The model determined significant risk factors (P less than .001) for inpatient death (including malnutrition, intestinal ischemia, supplemental oxygen, and age greater than or equal to 85 years); prolonged length of stay (including supplemental oxygen, peritoneal adhesions, and chronic lung obstructive disease); 90-day postdischarge death (including heart failure, chronic infection, psychosis, and primary head/neck cancer); and 90-day postdischarge readmission (malnutrition, chronic obstructive lung disease, upper aerodigestive tract cancer, and skin ulceration) for these procedures.

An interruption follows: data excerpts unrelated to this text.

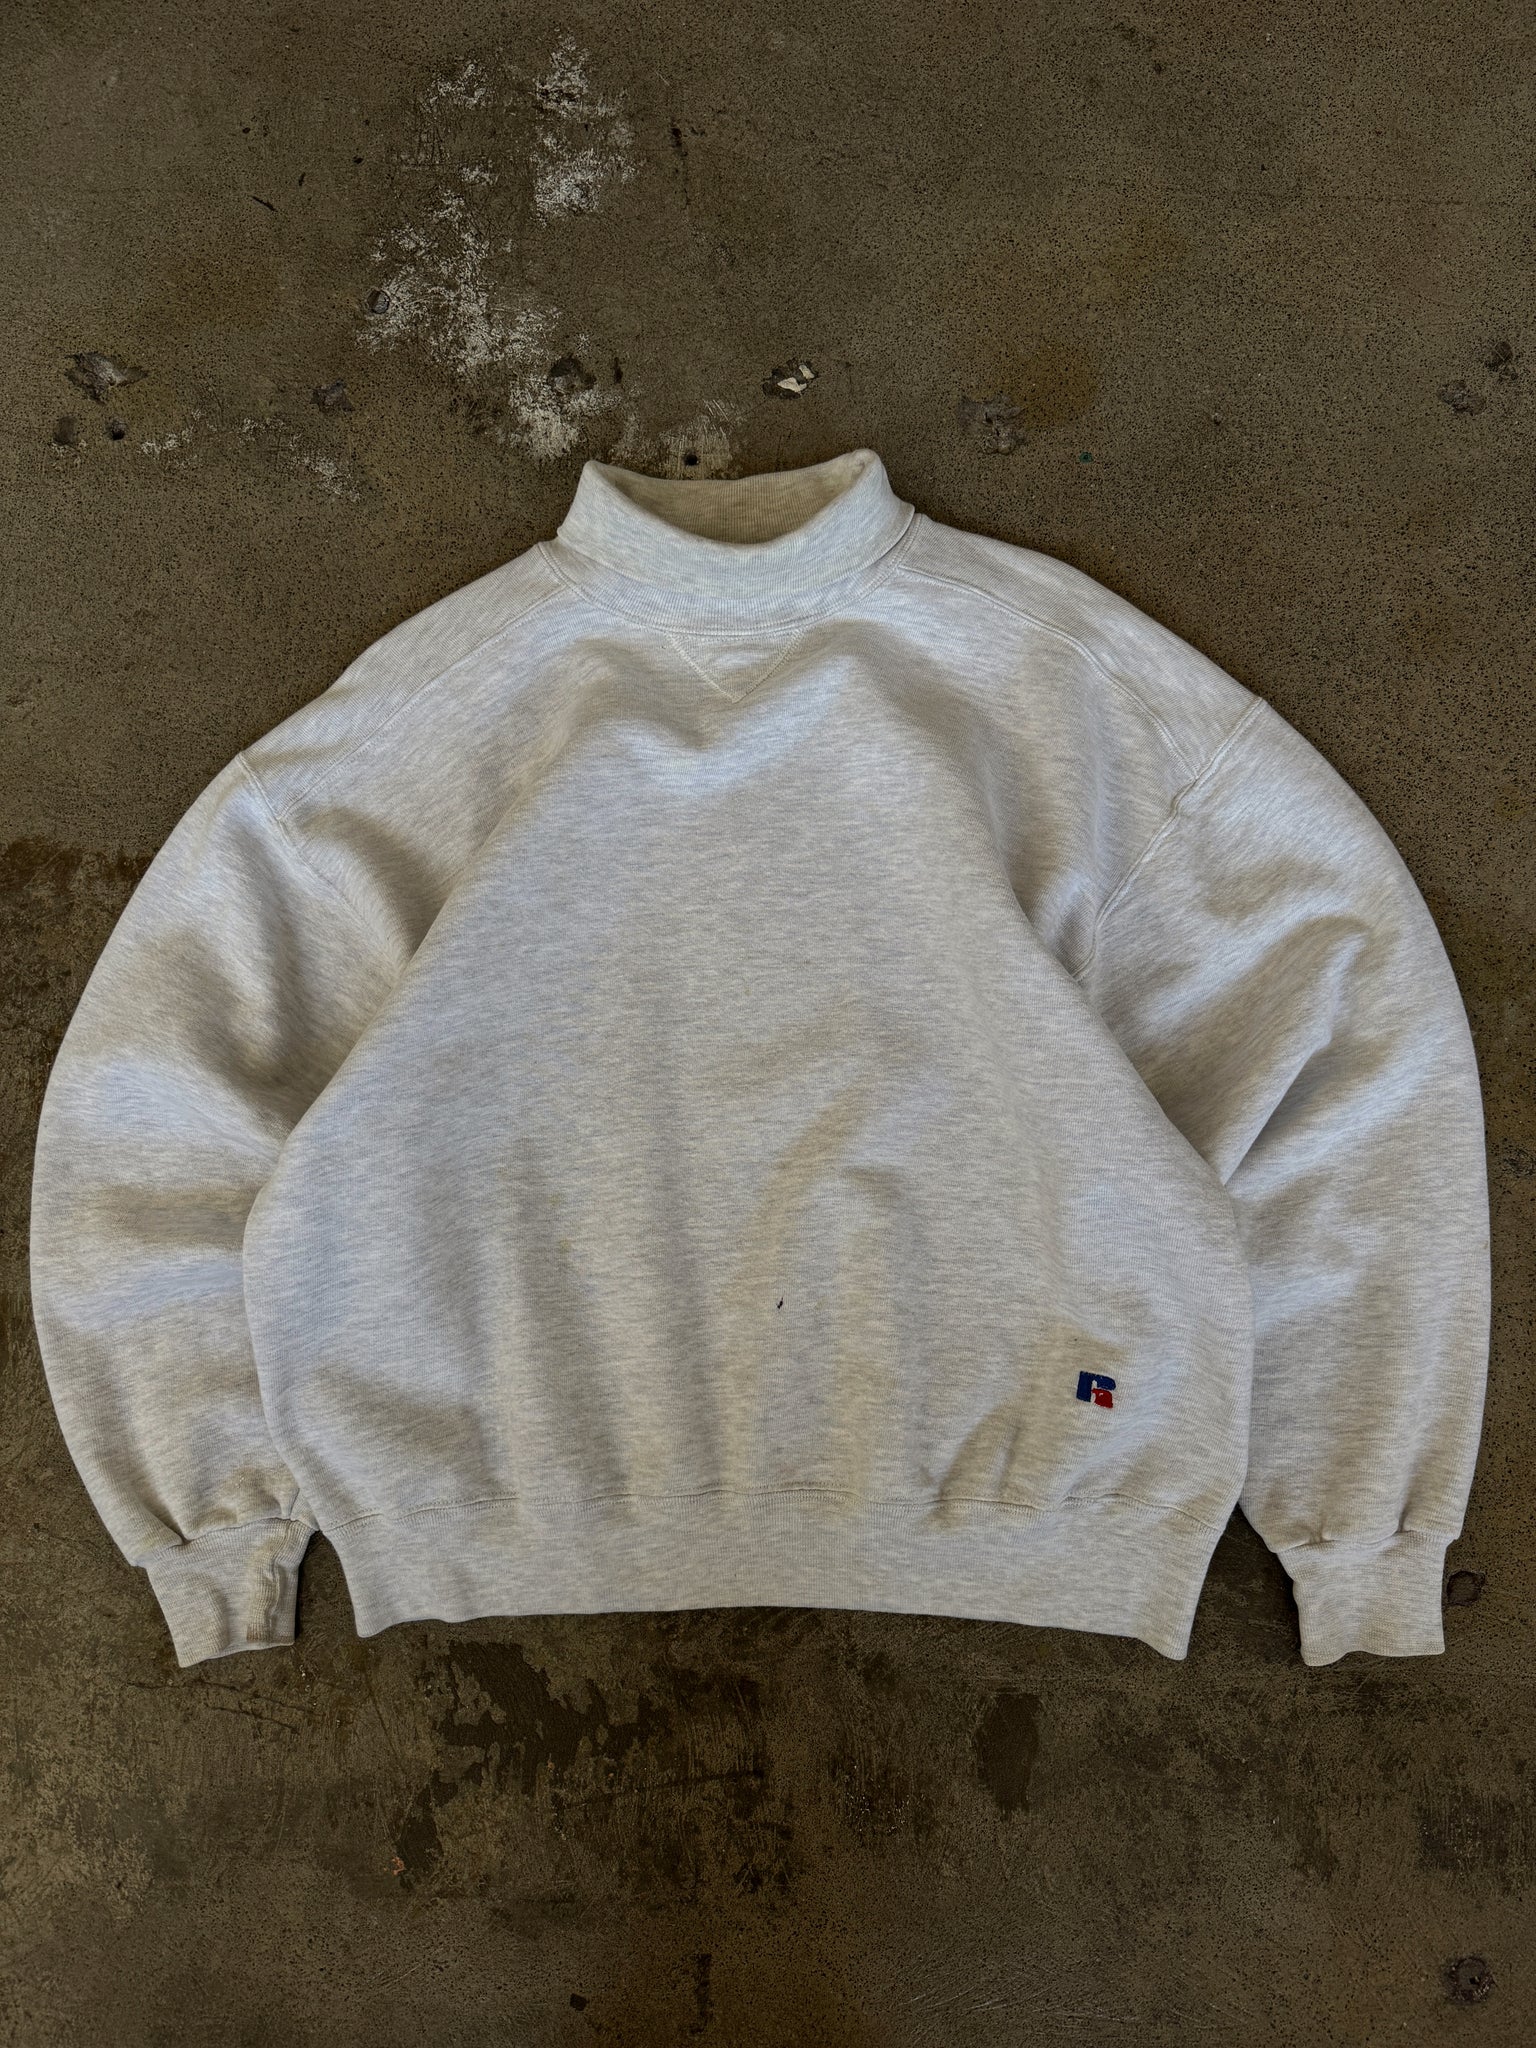 Vintage Blank Russell Athletics Turtleneck Sweatshirt (L)
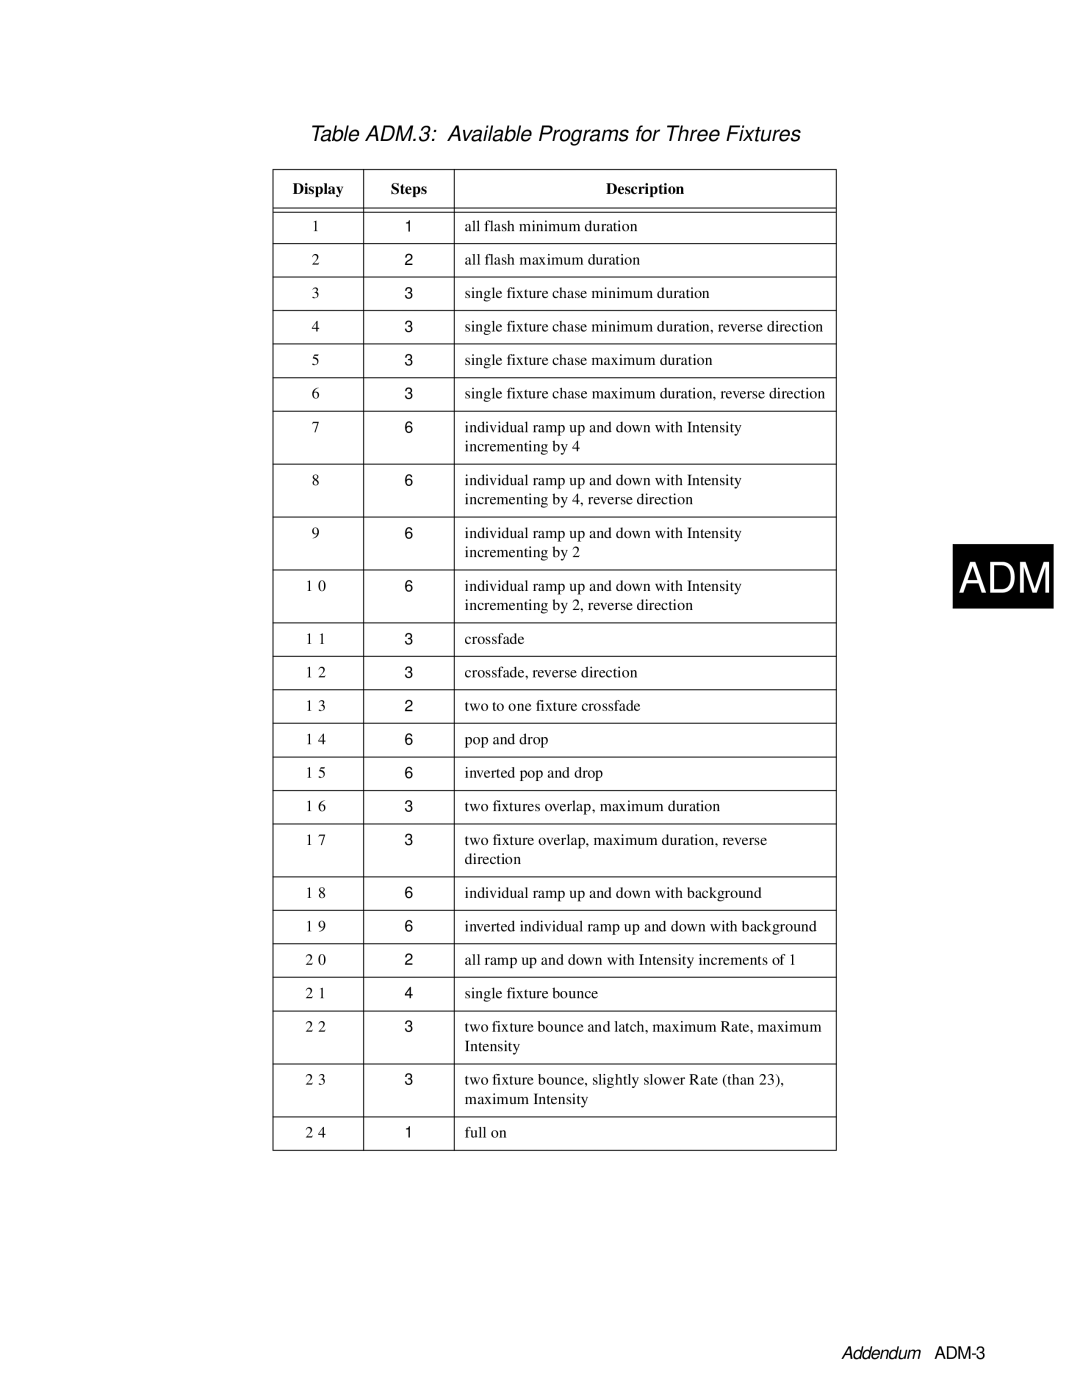 High End Systems AF1000 user manual Addendum ADM-3, Display, Steps, Description 
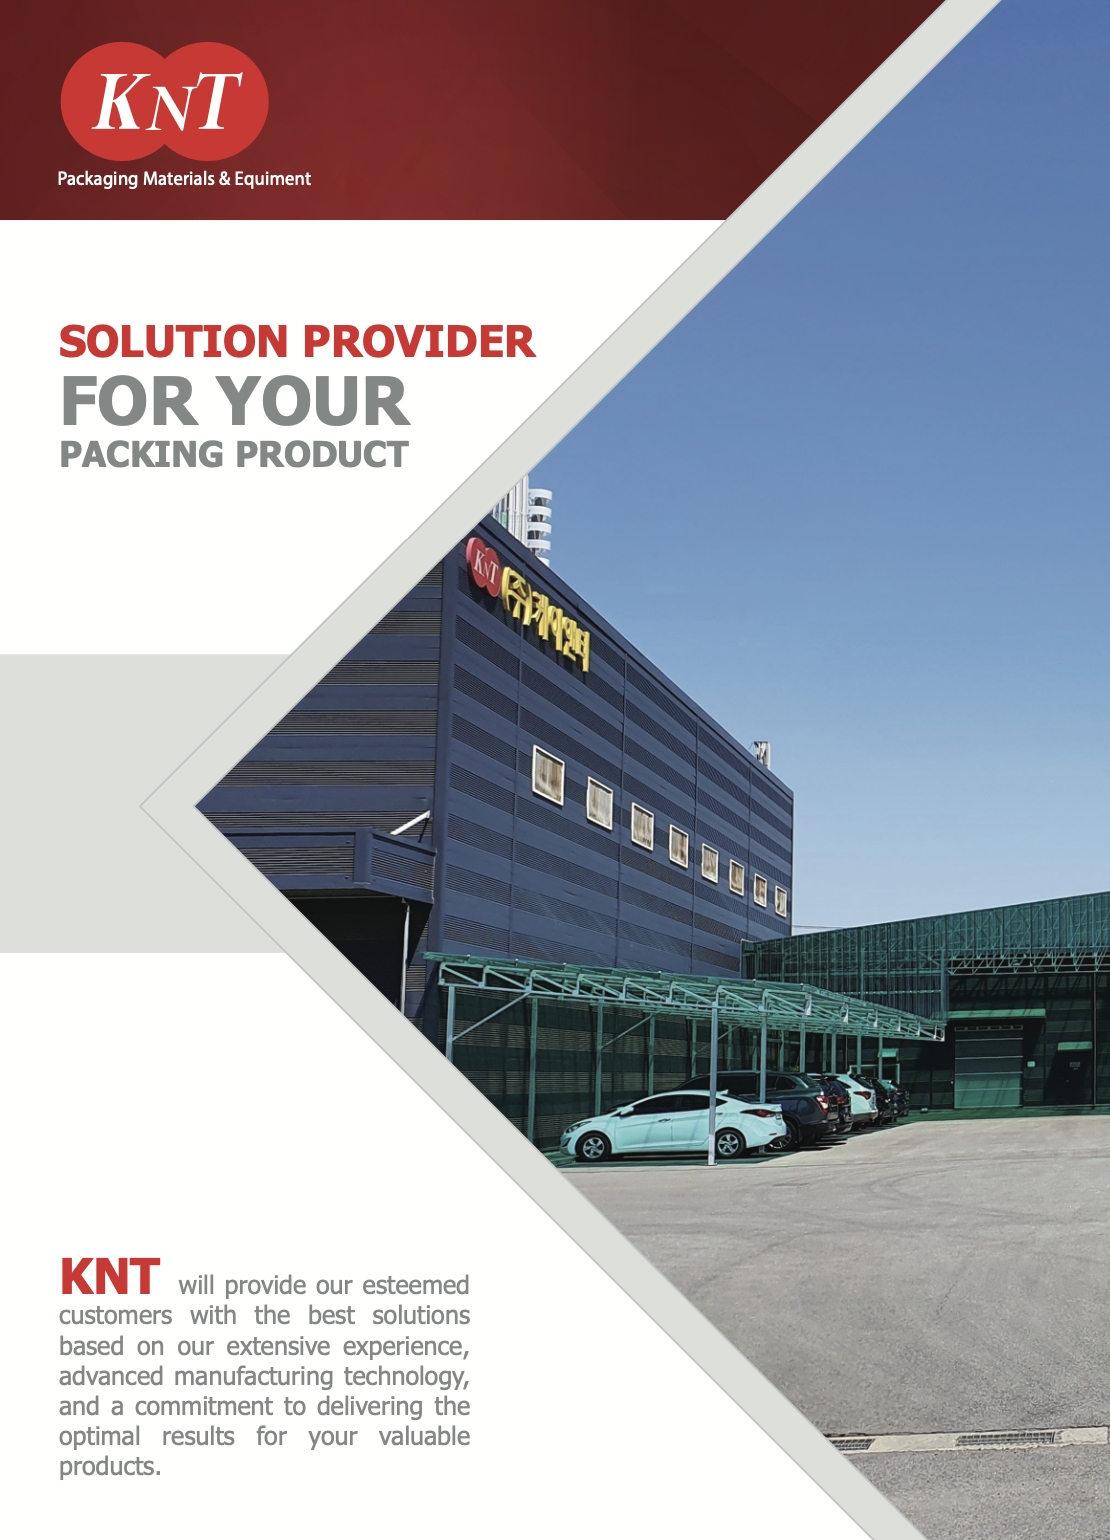 KNT cung cấp giải pháp cho các sản phẩm đóng gói của bạn

For all cases, the total 90-day postdischarge mortality rate exceeded the inpatient death rate, and readmissions were the major driver of the total AO. They found that 22% of all patients readmitted across the entire 90-day interval had not seen a physician for follow-up after discharge. [This] “begs the question of whether more frequent physician or physician-extender follow-up can reduce this AO,” according to Dr. Fry and his colleagues. “Importantly, first readmissions during days 31-90 following discharge were almost as common as those occurring during the initial 30 days. Over 20% of total readmissions were subsequently repeat events during the 90-day interval,” they added.
They also found that the variability in risk-adjusted outcomes among the best and poorest performing hospitals was over 20% in all of the major vascular procedures and indicates a large opportunity for improvement in results.
“Understanding variables associated with higher risk can be used as a decision support tool to identify which patients will need increased vigilance to avoid AOs. Identification of very high risk may become a consideration in the assessment of the appropriateness of the surgical intervention. If providers know their outcomes and those outcomes are benchmarked against the whole population of hospitals, then clinical performance can be improved by specific care redesign initiatives,” the researchers concluded.
Dr. Fry is executive vice president of MPA Healthcare Solutions, which funded the research.
SOURCE: Fry DE et al. Surgery 2018 Jun 22. doi: 10.1016/j.surg.2018.03.025.
FROM SURGERY
Key clinical point: The variability in risk-adjusted outcomes among the best and poorest performing hospitals was over 20% in all of the major vascular procedures.
Major finding: The total adverse-outcome rate was 27.8% for open aortic procedures, 31.5% for open peripheral artery, 19.6% for endovascular aortic, and 36.4% for percutaneous angioplasty.
Study details: The Medicare Limited Data Set for 2012-2014 was used to follow the outcomes of major vascular surgery beginning with the inpatient stay and on through 90 days of postop care.
Disclosures: Dr. Fry is executive vice president of MPA Healthcare Solutions, which funded the research.